→ **Work item**
Transcribe the lines below exactly, beginning with the line that holds "Arslan Senki (ARAKAWA" and ending with the final line, both included. Pictures are to be left out.

→ **Data shown**
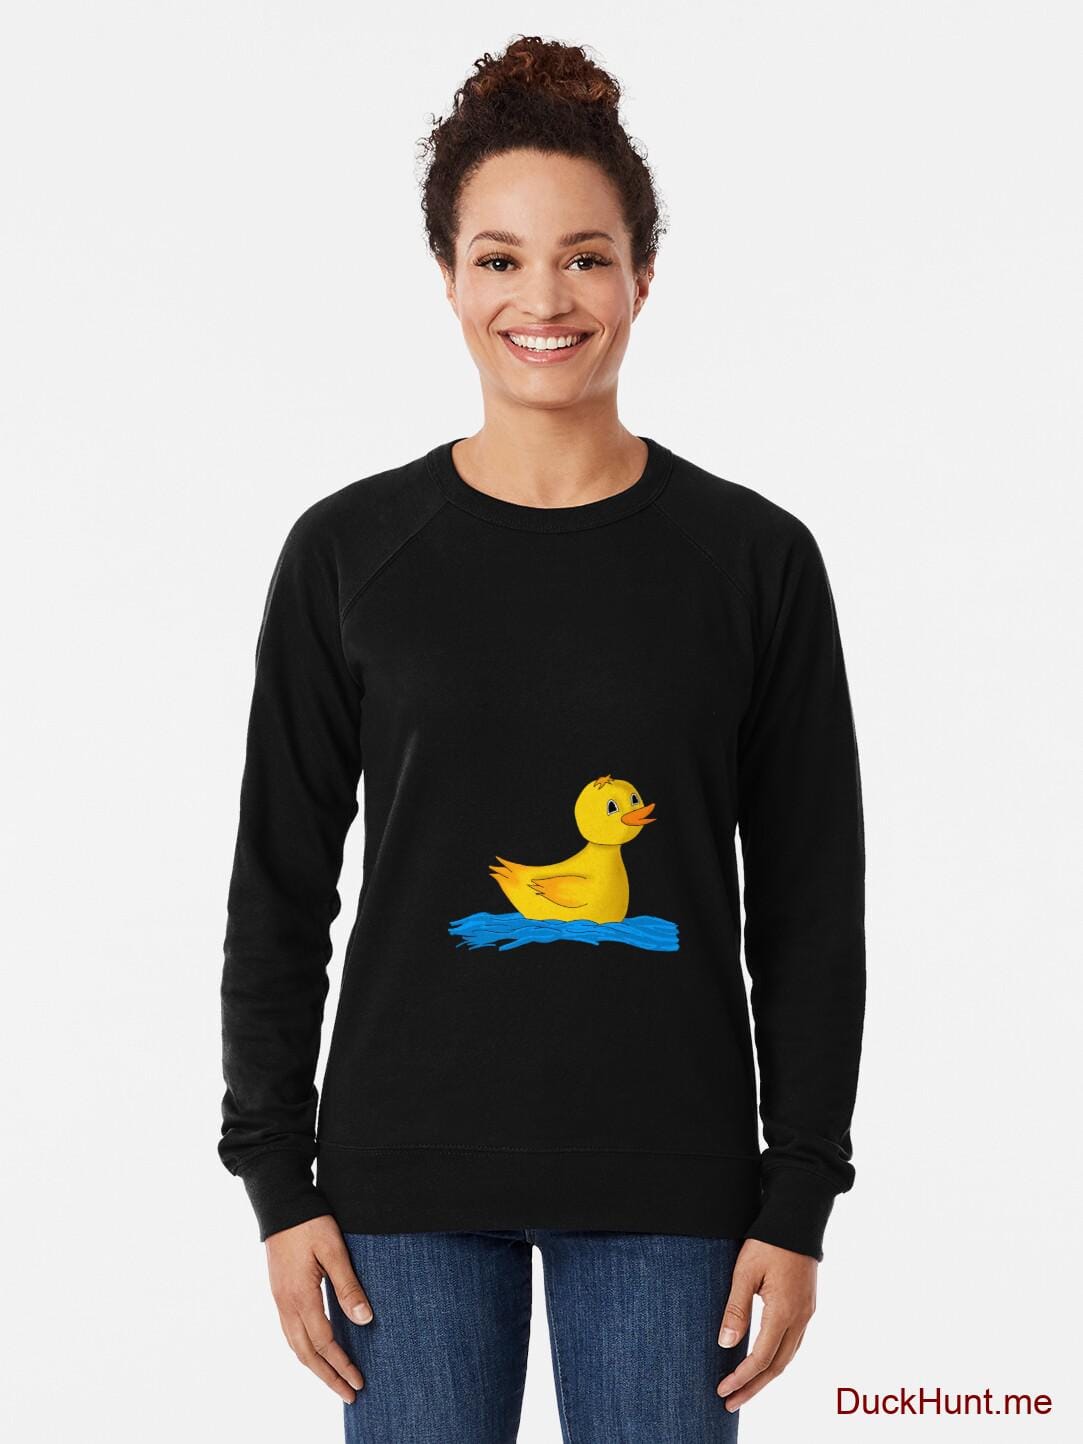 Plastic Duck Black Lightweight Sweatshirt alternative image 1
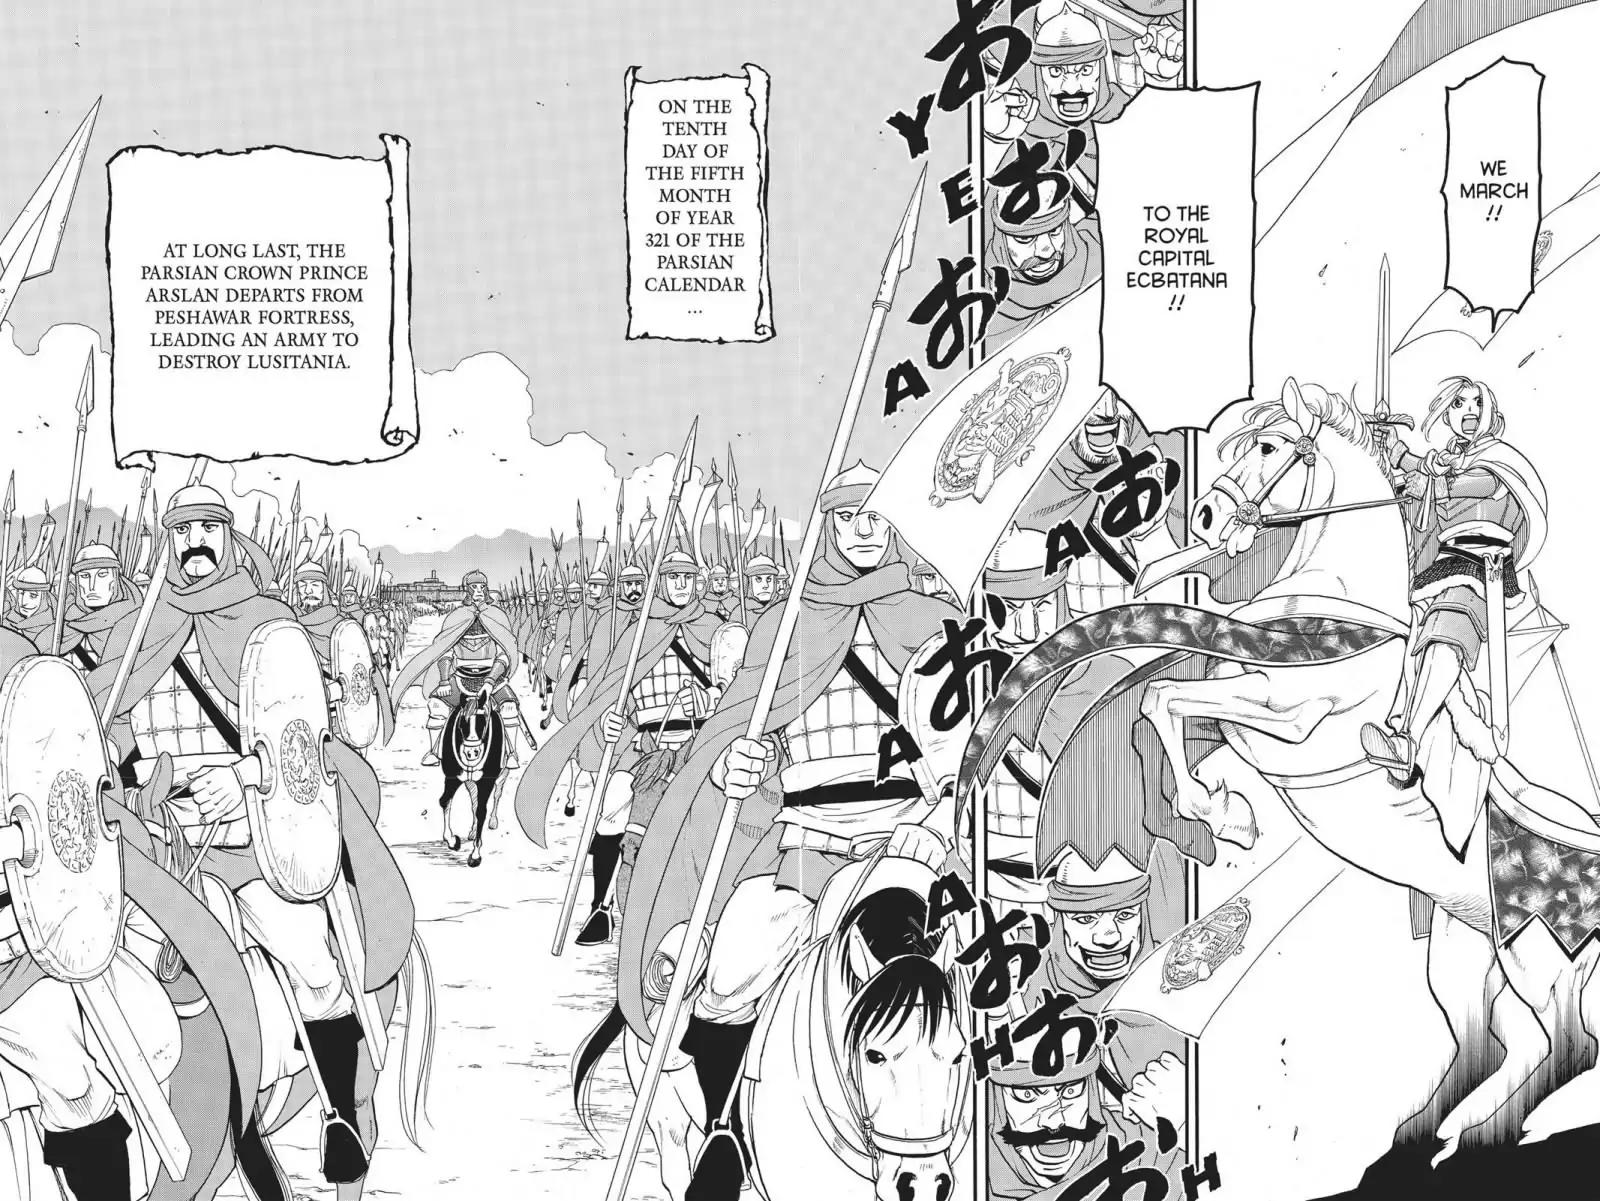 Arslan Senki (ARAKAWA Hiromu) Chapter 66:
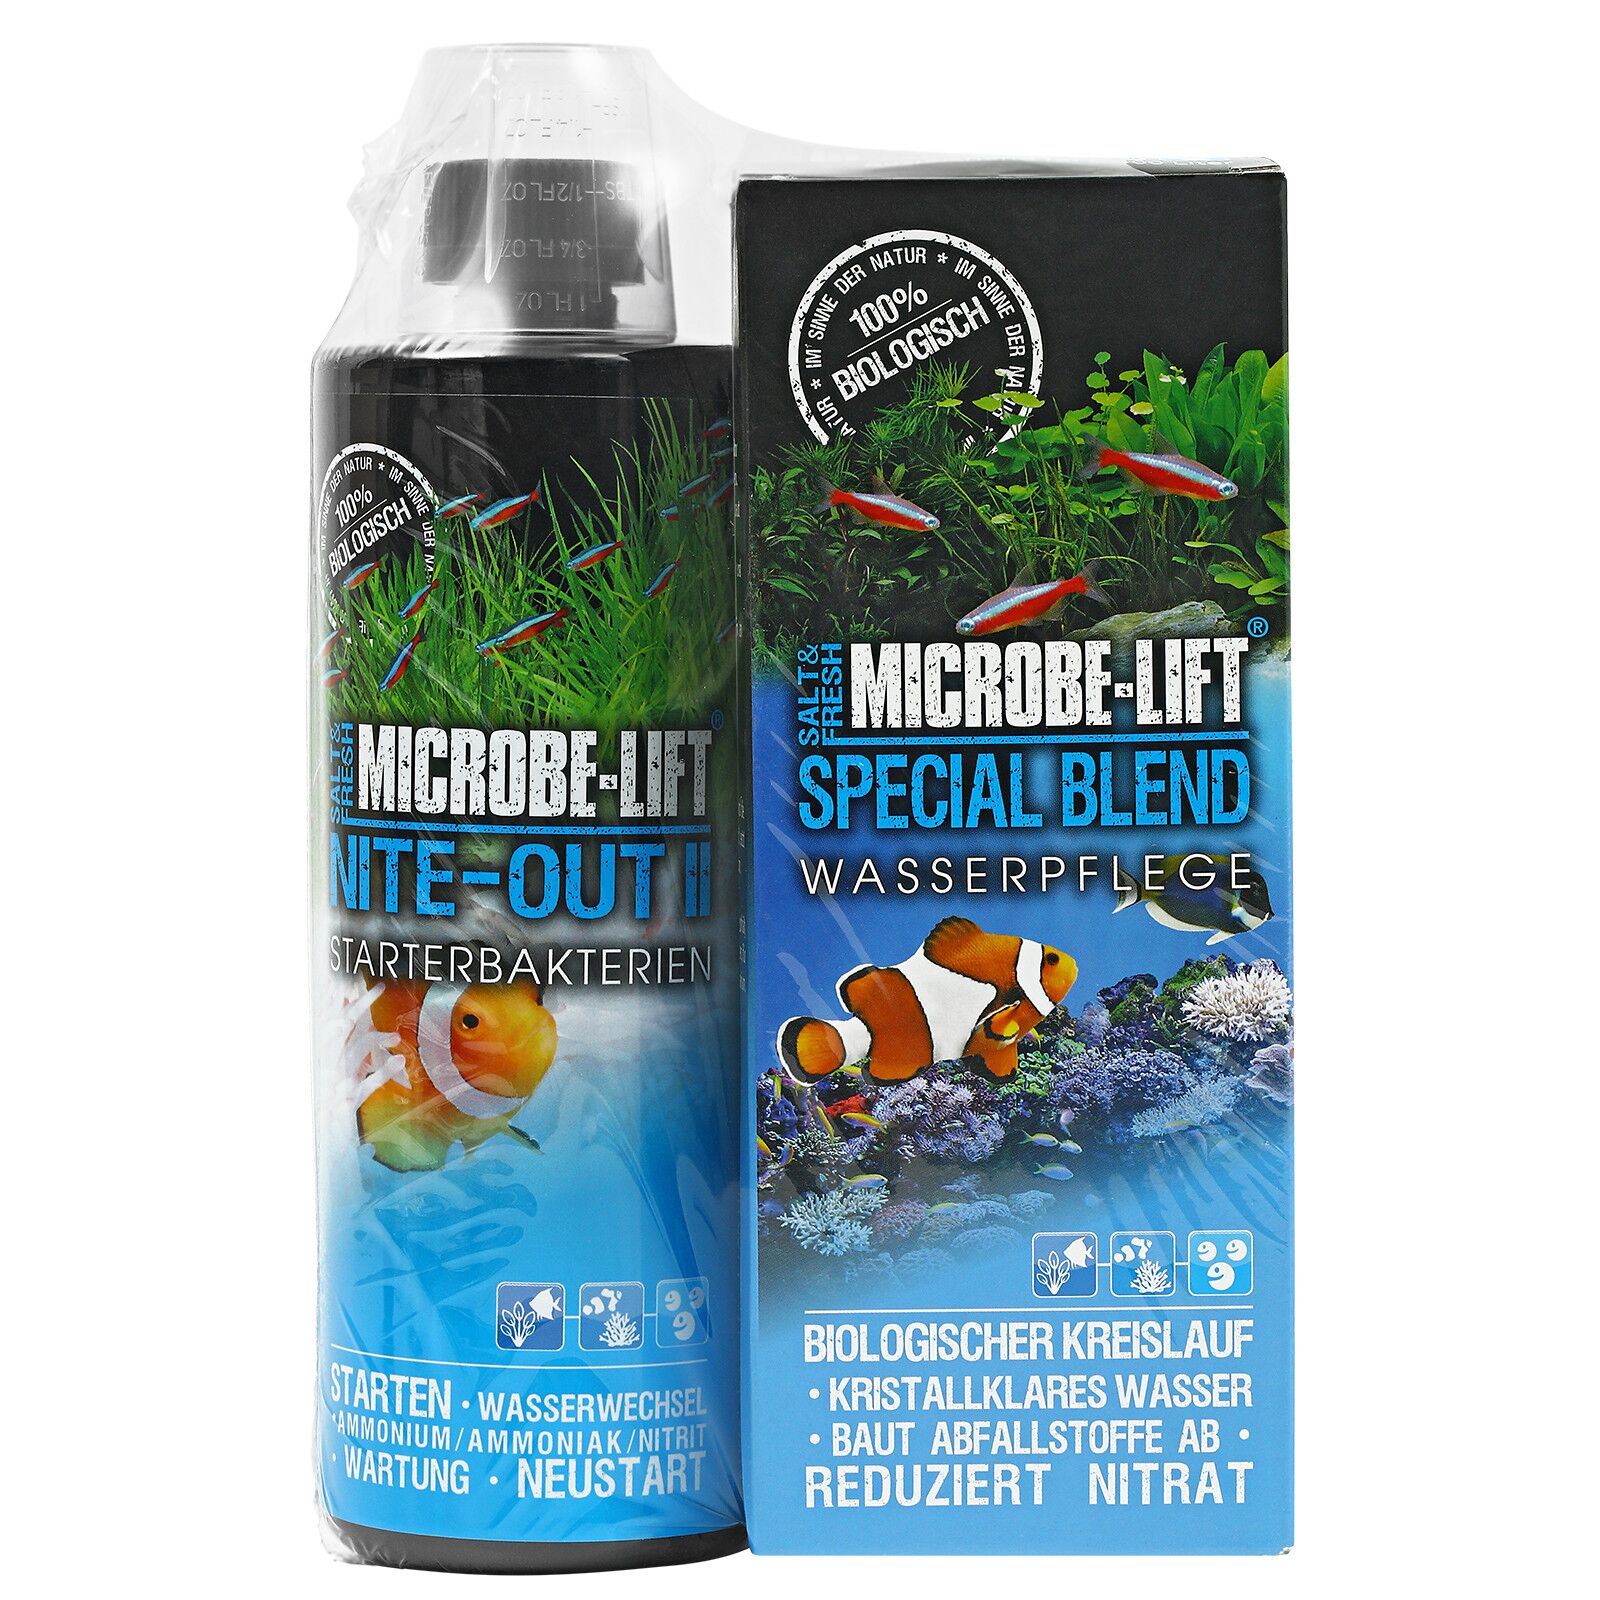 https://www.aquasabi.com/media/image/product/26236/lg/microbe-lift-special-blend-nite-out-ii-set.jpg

→ **Reply to the exercise**
 Arslan Senki (ARAKAWA Hiromu) Chapter 66:
 https://www.aquasabi.com/media/image/product/26236/lg/microbe-lift-special-blend-nite-out-ii-set.jpg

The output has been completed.